Zone One by Colson Whitehead
|Zone One by Colson Whitehead|
|Reviewer: John Lloyd|
|Summary: A very complex world for this novel, considering it concerns a zombie-bashing grunt and his life.|
|Buy? Yes||Borrow? Yes|
|Pages: 272||Date: October 2011|
|Publisher: Harvill Secker|
To start, for once, with the book's style - this has probably the least dialogue of any book you'll read this year. There are some comments from characters, but they're few and far between - as are those characters that can actually speak. For we're in a devastated New York, later this century, and our three main protagonists are cleaning up after a worldwide plague of zombies.

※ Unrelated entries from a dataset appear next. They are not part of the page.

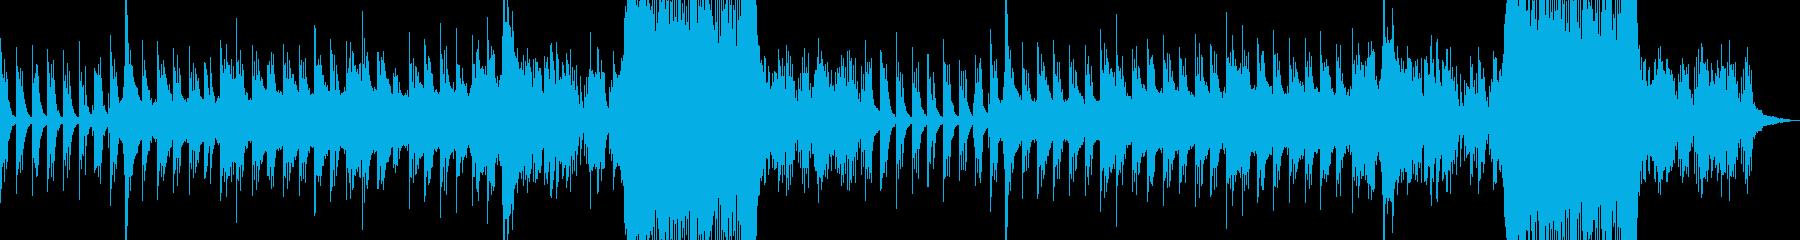 ピアノが印象的なエンドロールソングの再生済みの波形
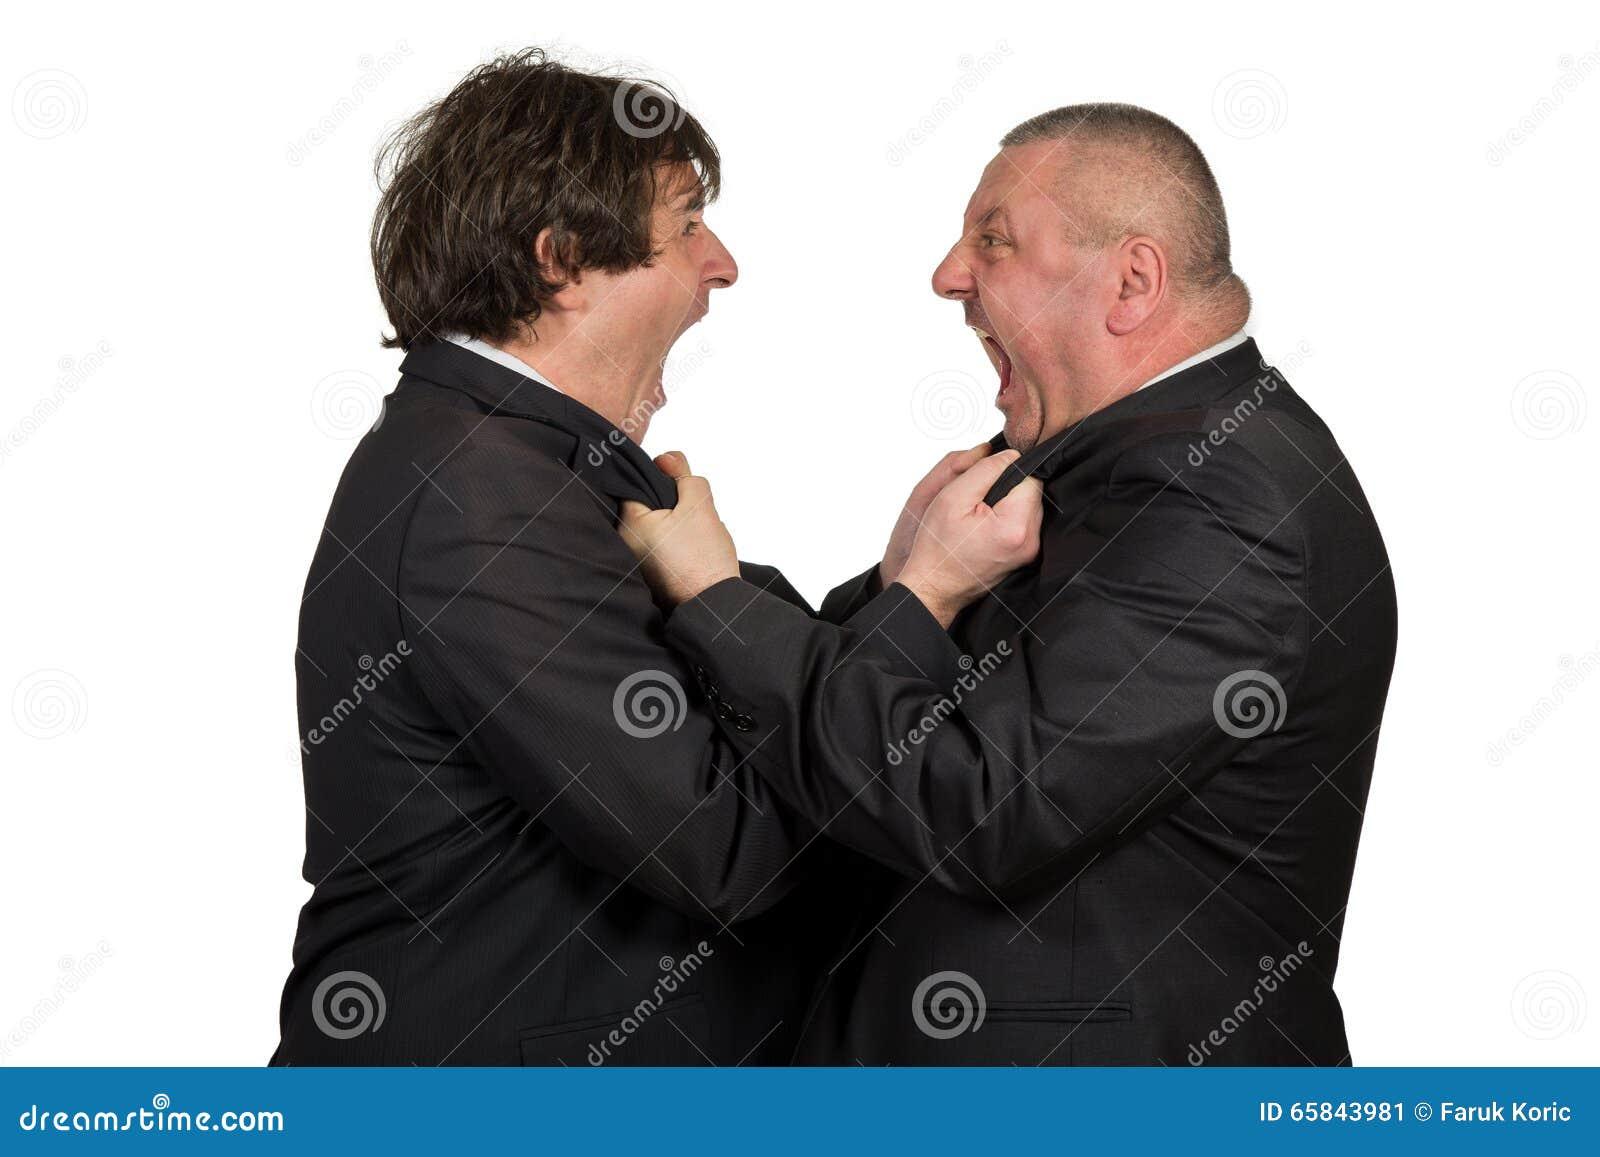 Zwei verärgerte Geschäftskollegen während eines Arguments, lokalisiert auf weißem Hintergrund
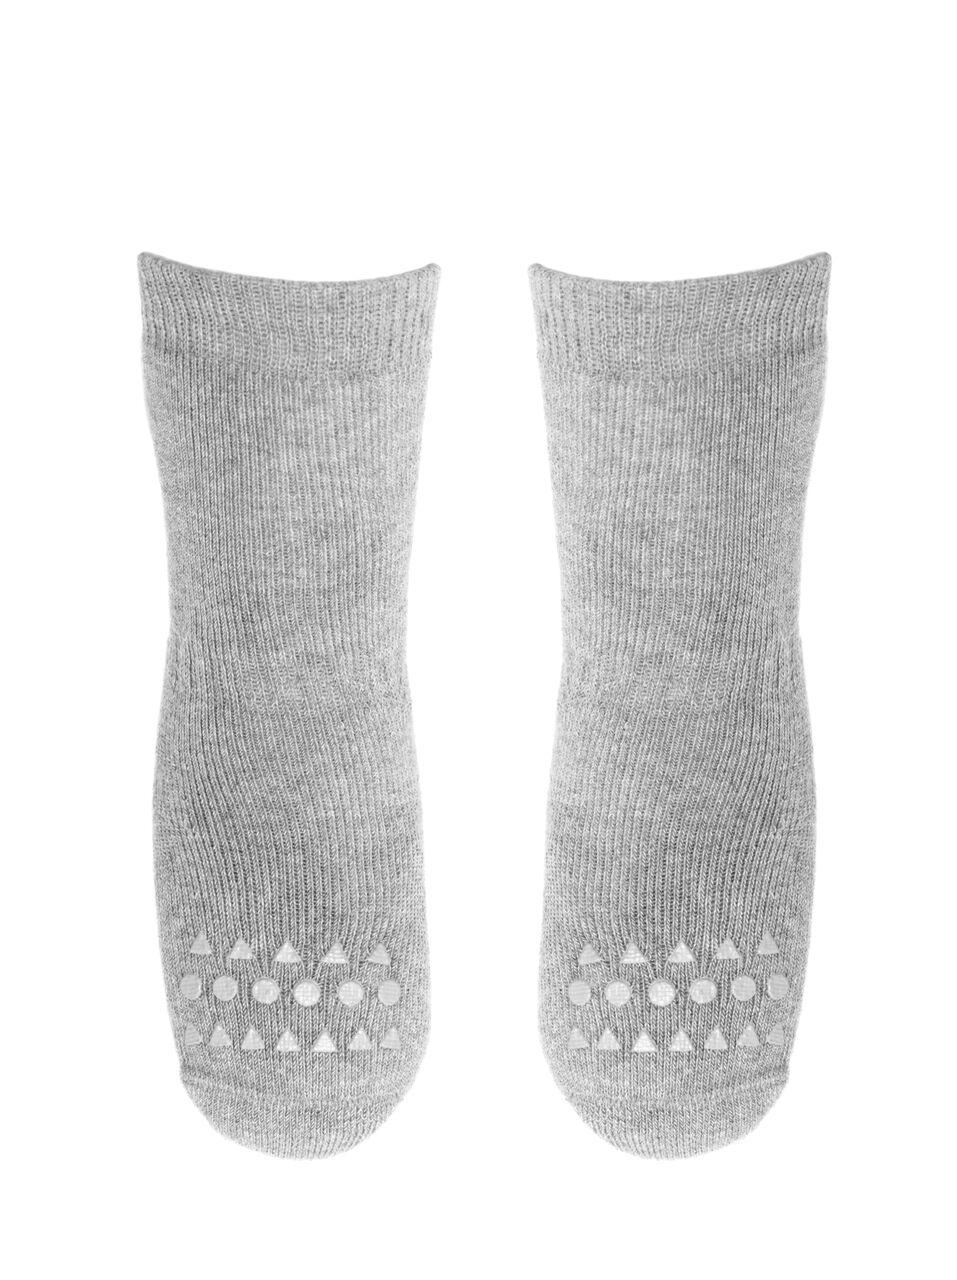 Šviesiai pilkos kojinaitės GOBABYGO 6-12 mėn. vaikams

The active ones have mostly been gunned down by the military, but there are a few still locked away in hidden corners - as well as inactive ones, called stragglers, who seem stuck in one instant, whether finishing off their last office job for the millionth time, or like a ghost haunting a place relevant to them.

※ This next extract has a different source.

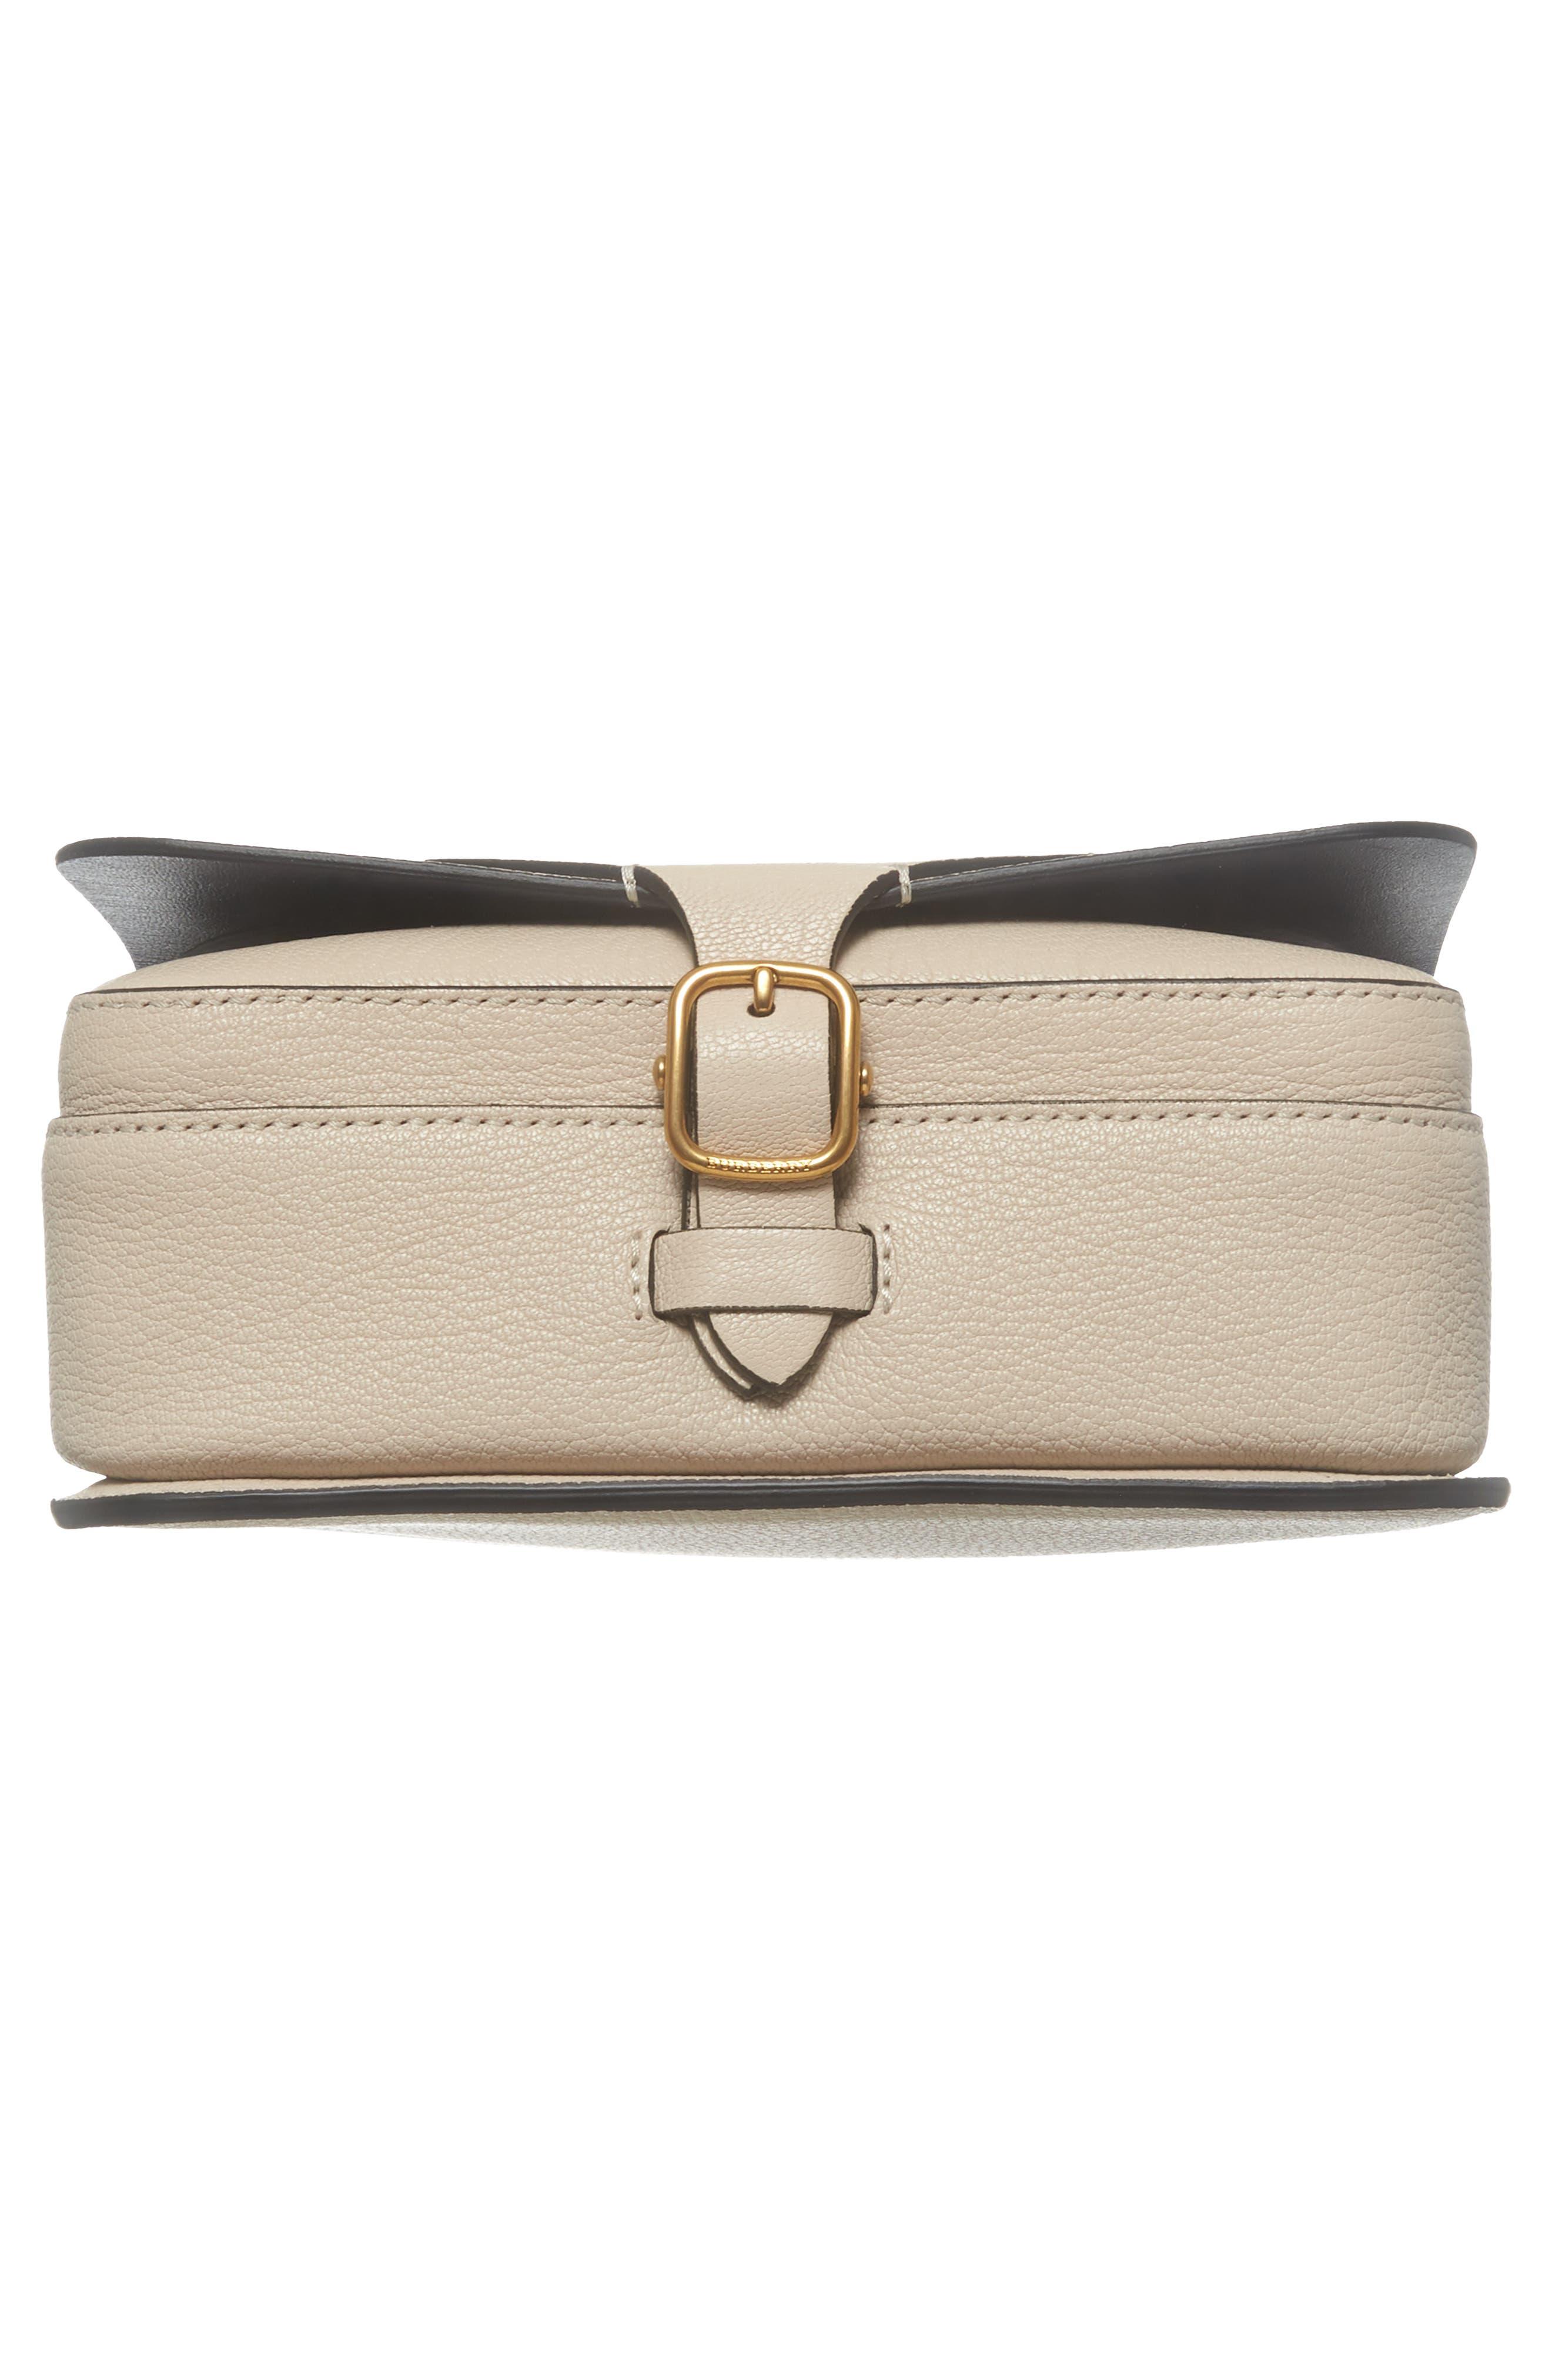 Square Leather Shoulder Bag,                             Alternate thumbnail 6, color,                             250

As usual there's a beat or three as to why we ended up having an inexplicable outbreak of disease turning most of mankind this way - comeuppance for a flatlined culture for one - but on the whole we're looking at the hero, 'Mark Spitz', and co. And between looking at the world we're currently in, with all its new terminology that is slowly drip-dripped into our understanding, we have an almighty look at 'Mark Spitz' and his life. There are a host of relevant flashbacks as we learn what took the character from ambling round several jobs, including being the voice of a coffee franchise on a social network, to discovering the plague's initial outbreak, to surviving this far and entering such a new career.
So don't think this volume is an average zombie actioner. It's far from it. There are a few instances of killing zombies, as seen from our hero's POV, but beyond that things are much more literary. The vocabulary and style are far from mainstream. One character is likened to a Rachel-from-Friends wannabe - The youngest one wore its hair in a style popularized by a sitcom that took as its subject three roommates of seemingly immiscible temperaments and their attempts to make their fortune in this contusing city. Yes, but can it be killed, some will ask.

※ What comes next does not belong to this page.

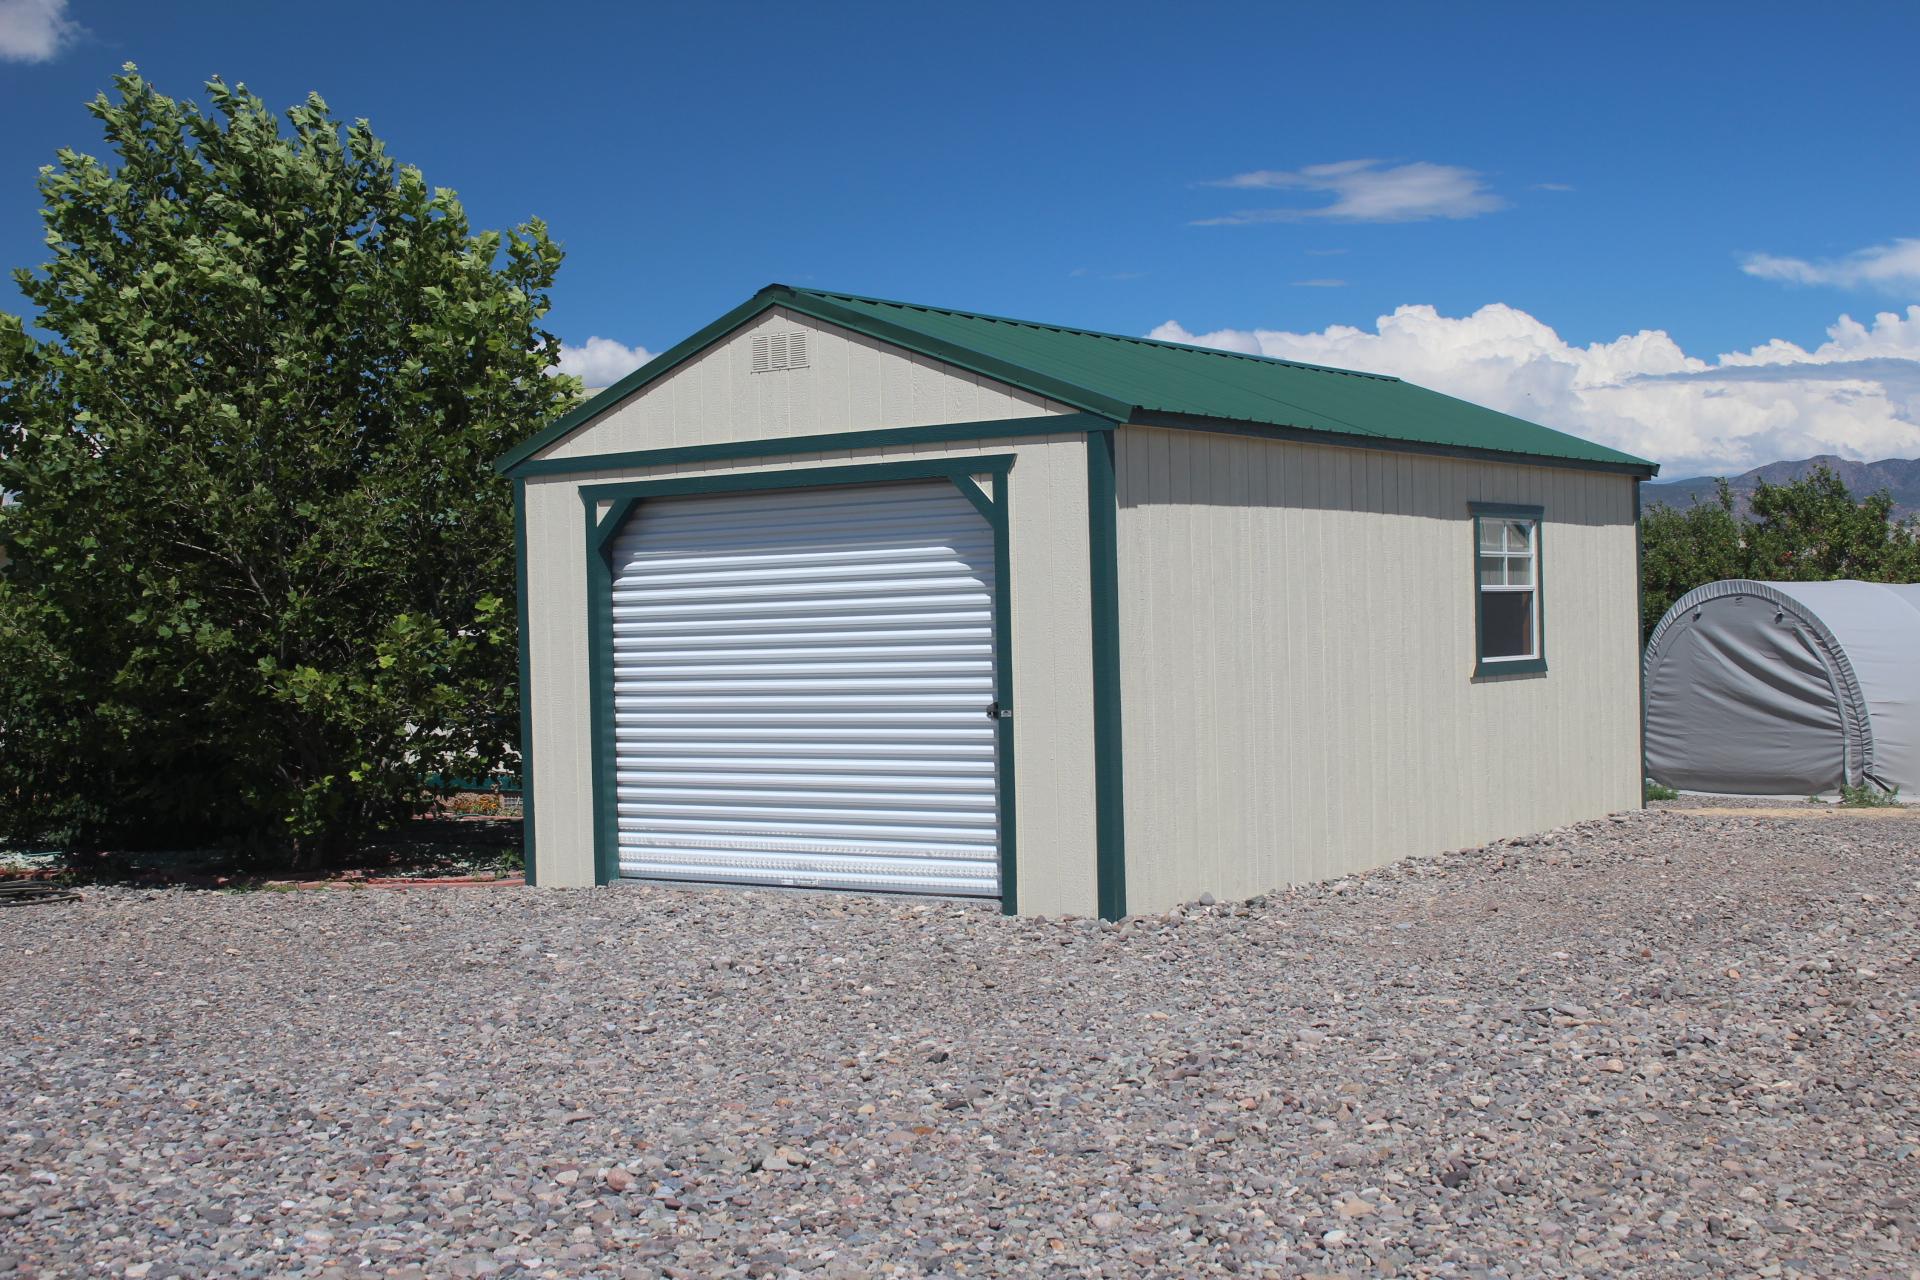 Portable Garage Shed on Gravel Foundation

Which all means that we have a fully realised world, and far from just gung-ho activity, we gain insight into the world Whitehead has created for himself. You can easily find a metaphor in the stragglers and their braindead sticking with a part of life that is easily dismissed when there's a proper, newly active world to re-establish. The post-apocalyptic USA is a mix of collective farms, trying to revive the corn crops, and a military sponsored by official brands, meaning none other can even be looted. This definition of a society that is clearly an ironic look at our own makes me suggest this is very much in the vein of, and I think for that audience this could well be a break-out title. To its detriment is the very New York-ness of it, meaning it might not travel across the pond so successfully, and perhaps the world is a little too insular, meditative and fulfilled by lengthy flashback after all.
A very different look at North American zombies can be had with Abraham Lincoln Vampire Hunter by Seth Grahame-Smith, or perhaps with the series I first met with Half the Blood of Brooklyn (Joe Pitt Novel) by Charlie Huston.